Mining consists of trying to find a value for the input integer that results in an output string with a prescribed number of leading 0s -- currently about 72. There's no way to do this except to try out lots of options, and even with a huge bank of servers churning away in the cloud the process typically takes about 10 minutes. And it's a race: Adding a new entry -- or "block" -- to the blockchain invalidates the most recent work of all other miners, who now have to start over using the newly added block as an input.

In addition to assigning the winning miner the latest quota of bitcoins, a new block in the blockchain also records recent transactions by Bitcoin users. Roughly 100,000 commercial vendors in the real world now accept payment in bitcoins. To verify a payment, the payer and vendor simply broadcast a record of their transaction to the Bitcoin network. Miners add the transaction to the blocks they're working on, and when the transaction shows up in the blockchain, it's a matter of public record.

The transaction record also has room for an 80-character text annotation. Eighty characters isn't enough to record, say, all the public keys certified by a public-key cryptography system. But it is enough to record a cryptographic signature verifying that a certification elsewhere on the Internet is legitimate.

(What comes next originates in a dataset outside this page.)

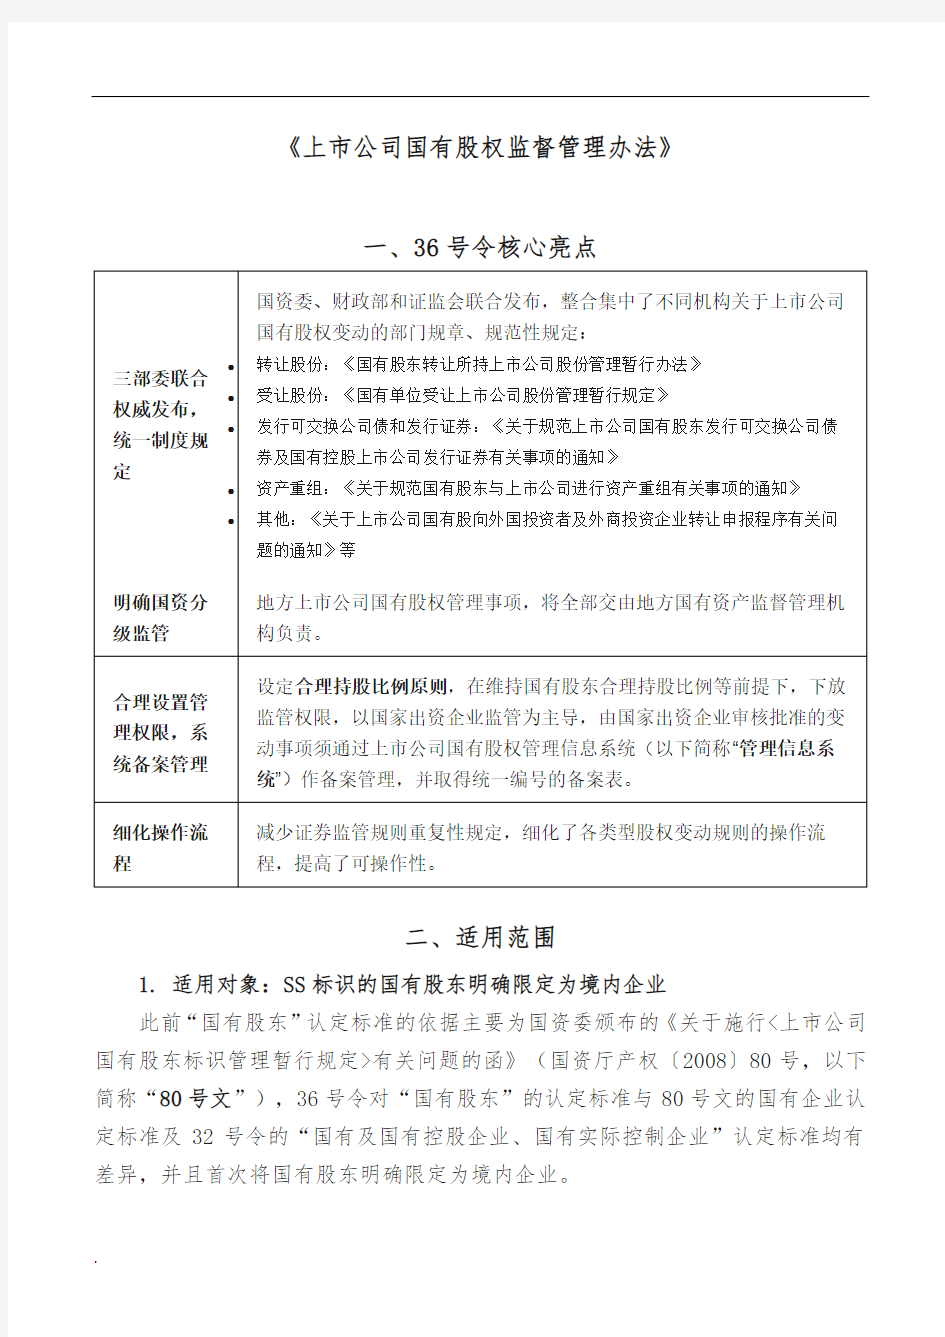 上市公司国有股权监督管理办法 36号令解读 提炼(修订版).doc

Previous schemes for preventing equivocation simply stored such signatures in the annotations of transaction records. Bitcoin's existing security structure prevents tampering with the signatures.

But verifying that a Web service using those schemes wasn't equivocating required examining every transaction in every block of the blockchain -- or at least, every block added since the service first used the scheme to certify a public assertion. It's that verification process that Tomescu and Devadas have refined.

Efficient audits

"Our idea is so simple -- it's embarrassingly simple," Tomescu says. The central requirement of Bitcoin is that no one can spend the same bitcoin in more than one place, and the system has cryptographic protocols in place to prevent that from happening.

So Tomescu and Devadas's system -- called Catena -- simply adds the requirement that every Bitcoin transaction that logs a public assertion must involve an actual bitcoin transfer. Users may simply transfer the bitcoin to themselves, but that precludes the possibility of transferring the bitcoin to anyone else in the same block of the blockchain. Consequently, it also precludes equivocation within the block.

To prevent equivocation between blocks, it's still necessary to confirm that the bitcoin that the Catena user spends in one block is the same one that it spent the last time it made a public assertion. But again, because the ability to verify a bitcoin's chain of custody is so central to the success of the whole Bitcoin system, this is relatively easy to do. People who want to use Catena to audit all the public assertions of a given Web service still need to download information from every block of the blockchain. But they need to download only a small cryptographic proof -- about 600 bytes -- for each block, rather than the block's full megabyte of data.